Your answer should hold exactly the lines beginning with the one that contains "Pixel 2 handsets" and ending with the last line of the material, both included. Leave every picture out.

** Data segment **
----------

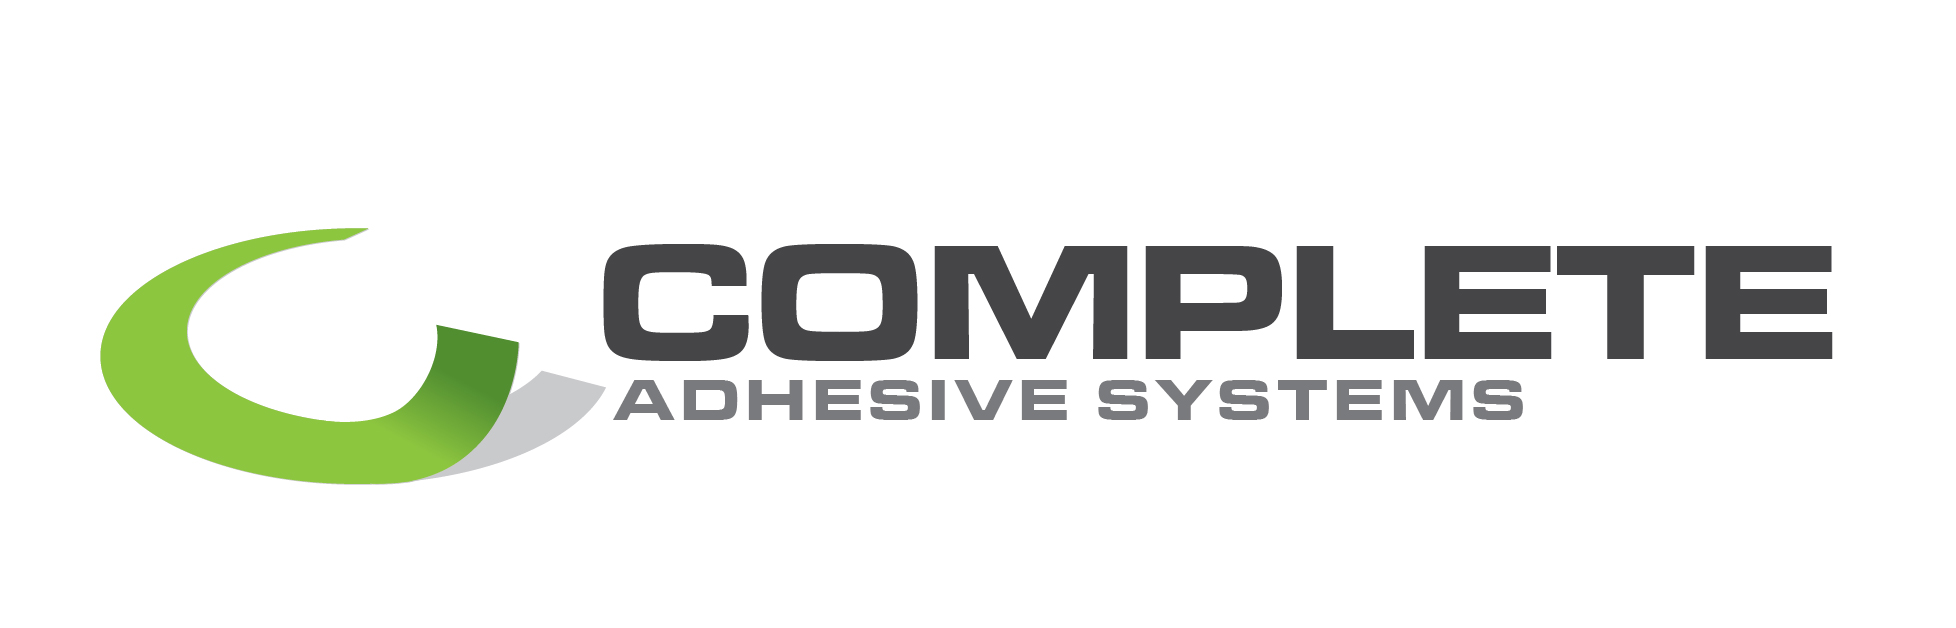 Complete Adhesive Systems
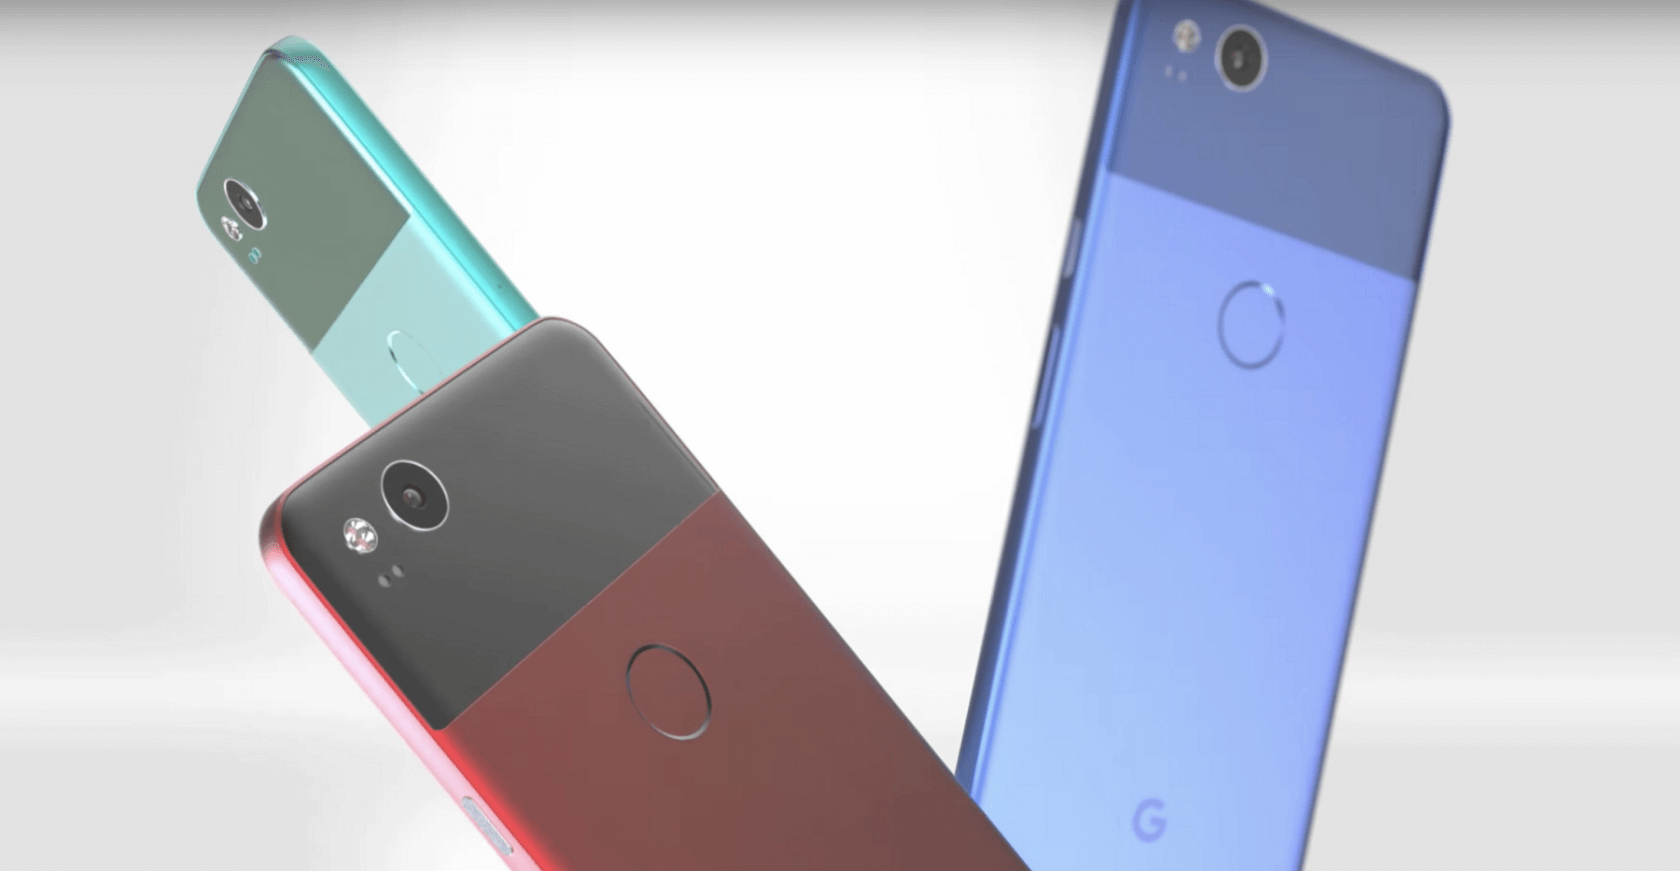 Pixel 2 handsets rumored to be unveiled on October 5, will feature Snapdragon 836 chipset
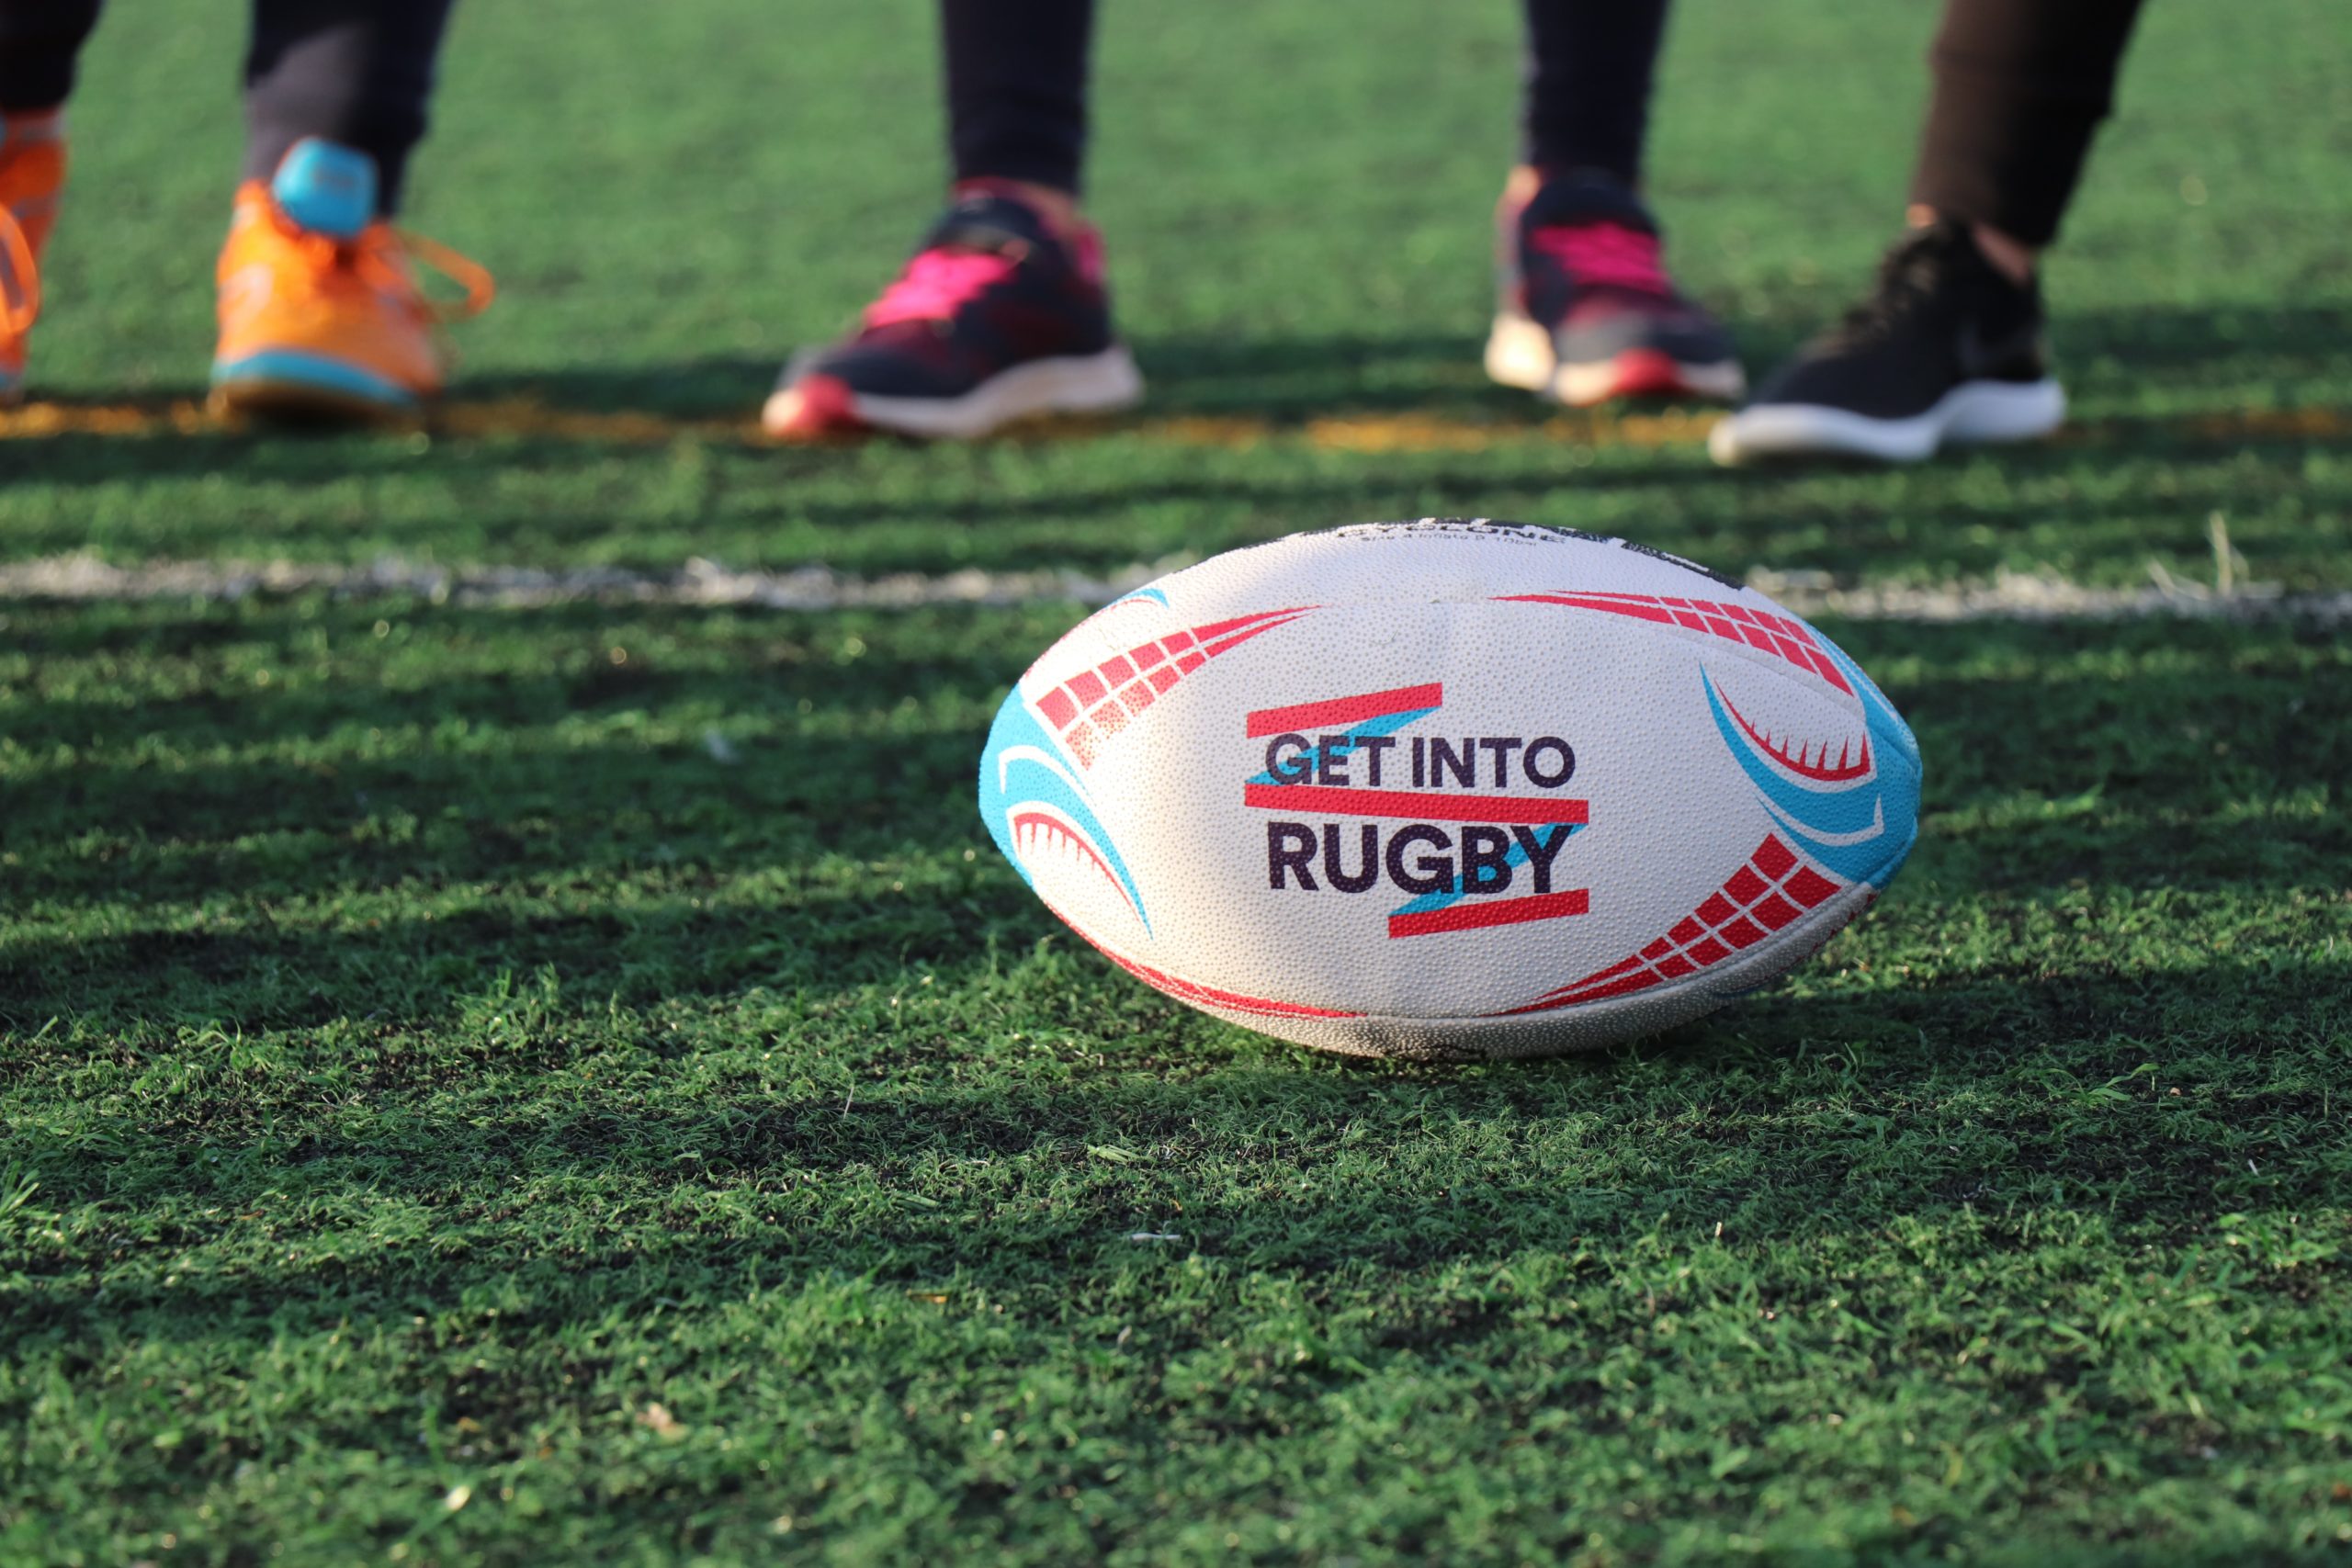 A rugby ball on a pitch

----------

** Final answer **
 Pixel 2 handsets rumored to be unveiled on October 5, will feature Snapdragon 836 chipset
 A rugby ball on a pitch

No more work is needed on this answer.